# 2" Intake snork?



## madppcs (Aug 31, 2009)

U think the 2" is really necessary? I ran 1.5" for everything. The factory is already approx 1.5, I just tapped off of that. But I hear some people saying that u need 2".. Now Im kinda 2nd guessing myself. I dont have any problems with mine, but was just wondering..


----------



## coker6365 (Aug 31, 2009)

It all depends on what you are doing with the bike. More air flow through the engine the better, in most cases. Its a very tight fit, but 2" can be used for the intake. I used 1.5" on the CVT and 2" for the intake. You can also add another 1.5" snorkel off the airbox to help it breath even more. Just hide the CVT intake under the pod and use the three snorkels coming out for the air box and CVT exhaust. If you plan on doing cams, headwork, pistons, etc. then you will need more airflow to maximize results.

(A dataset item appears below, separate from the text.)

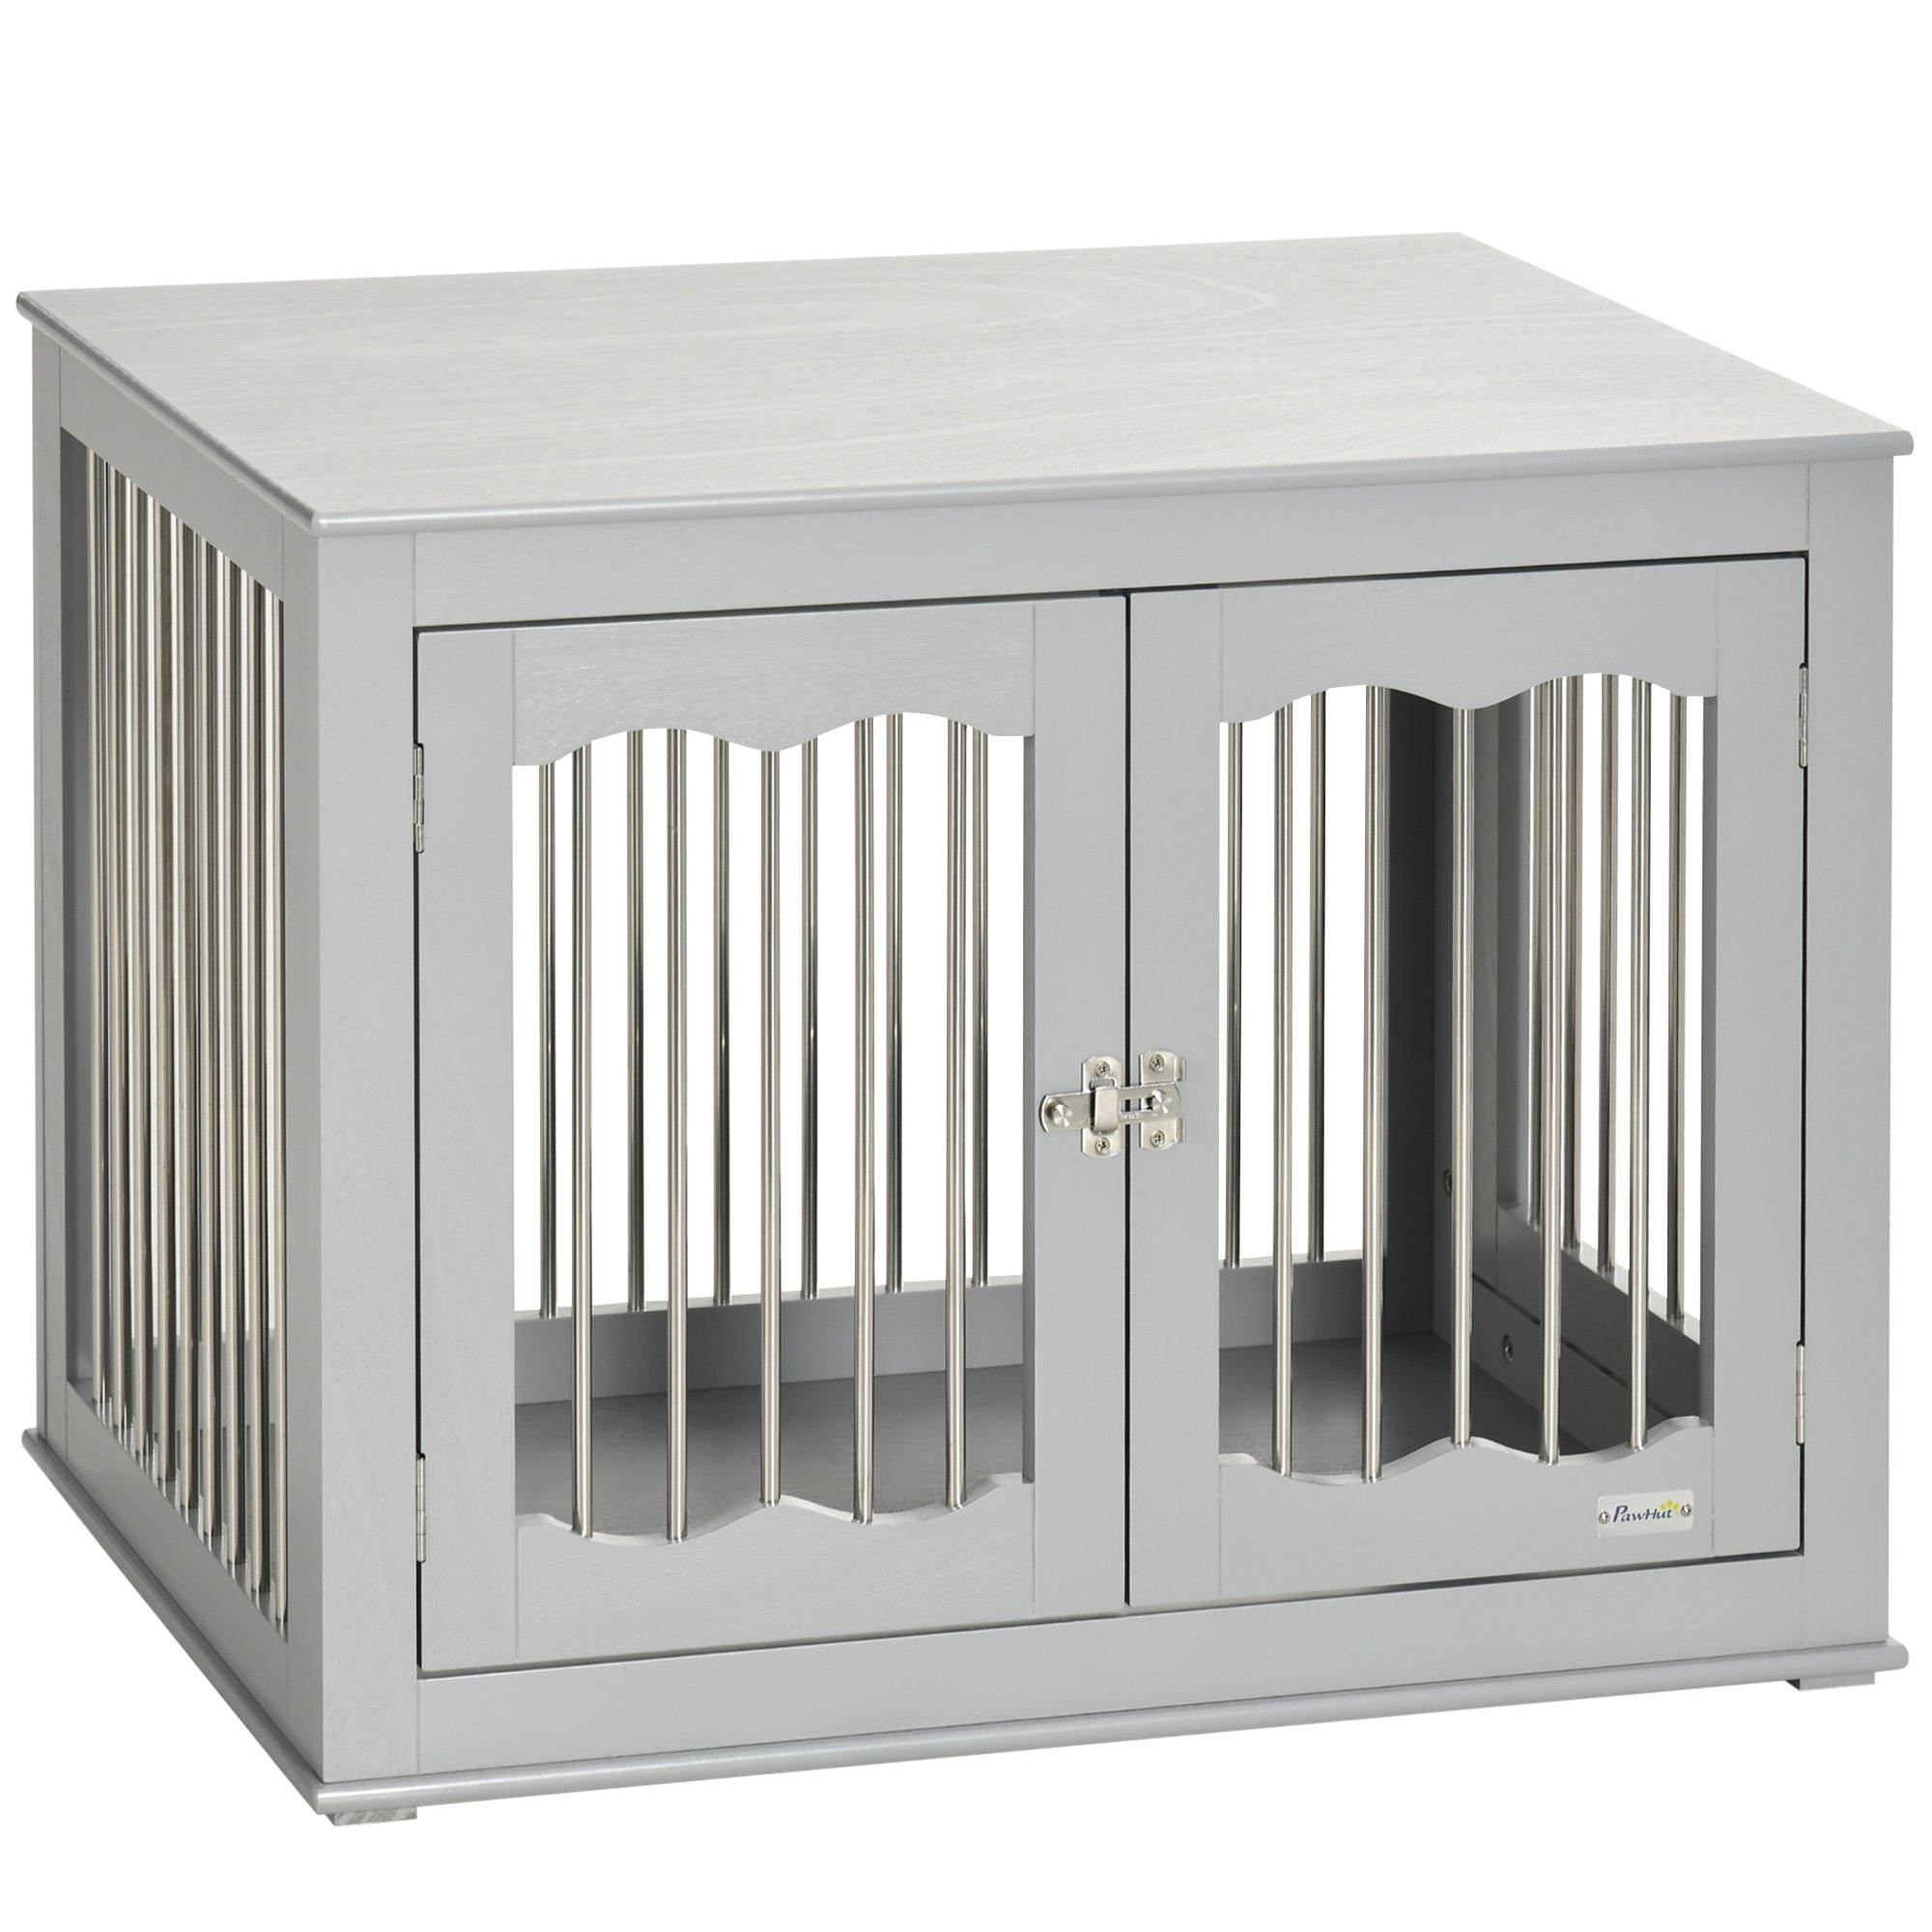 Dog Crate Furniture with Three Doors, Locks and Latches, for Medium Dogs

You already have probably the top flowing exhaust, why not let the intake flow just as well?


----------



## madppcs (Aug 31, 2009)

Good point.. I never thought of running 2 air intakes, and hide the cvt intake. I might just run the larger 2" intake.. DO you have any pics of the modification to the airbox that needs to be done? Im thinking holesaw?


----------



## coker6365 (Aug 31, 2009)

Yeah, just use a holesaw. Its an awkward angle, but after you do a few you will be able to drill the hole just right without taking the box off. If your not comfortable doing that though, pull the airbox off and drill it. I will try to get some pics for you tomorrow or monday. I already have the bike loaded for a short trip today.


----------



## madppcs (Aug 31, 2009)

Sounds good..


----------



## coker6365 (Aug 31, 2009)

Not very good pics, but gives you an idea of how to get the PVC in the air box. This was done the night before a ride about a year ago when I first got it, still needs the final touches but works for now.


----------



## Polaris425 (Dec 16, 2004)

whats w/ the prime bulb in that line?


----------



## phreebsd (Dec 16, 2004)

yeah what's up with that? what's it for? 
i see you got some mud in that box too!


----------



## HeadC1 (Feb 11, 2009)

I run dual 2" on my Brute and it made a big difference. If you can tune it to duals then I recommend it. Definitely help to maximize the power out of it.


----------



## madppcs (Aug 31, 2009)

Thx for the pics, I am gonna go from 1.5, to 2".. I have a dyno run this tuesday, so I am gonna try and get it done this weekend.


----------



## coker6365 (Aug 31, 2009)

The primer bulb is my one-way valve. It only allows air to flow out and no contaminants in. I also have three loops after the valve tied to the frame with the open end facing down. This ensures that nothing, even if rolled over under water, will make it to the bottom end unless it leaks past the piston rings. I snorkeled another bike identical to this one that was rolled in 12ft of water(sudden drop off in a lake) and no water made it to the bottom end. Keeping water and debris out of the bottom end is priceless on engines that use babbit bearings instead of ball bearings.

The mud is just to add a little rustic appeal! lol. That box hasn't ever been cleaned out since it was new and has been in coutless mud holes and a few races, so you can just imagine how much mud and moisture gets sucked in. Now that I have the transmission laying on the floor in the garage, I can go ahead and tie up the loose ends on the snorkels and clean up the air box.

I completely agree with running two intakes. The more air flow the better IMO. I have yet to tune it so I haven't added the 2nd intake. While its down, I am going to try to get that done and hopefully tune it before Jacksonville in October. I have a generic map loaded on the PCIII and its very obvious that it is starving for fuel at wide open throttle but its not lean enough to cause an issue. It hasn't been raced since the PCIII was thrown on it so I haven't made it a necessity to tune it.


----------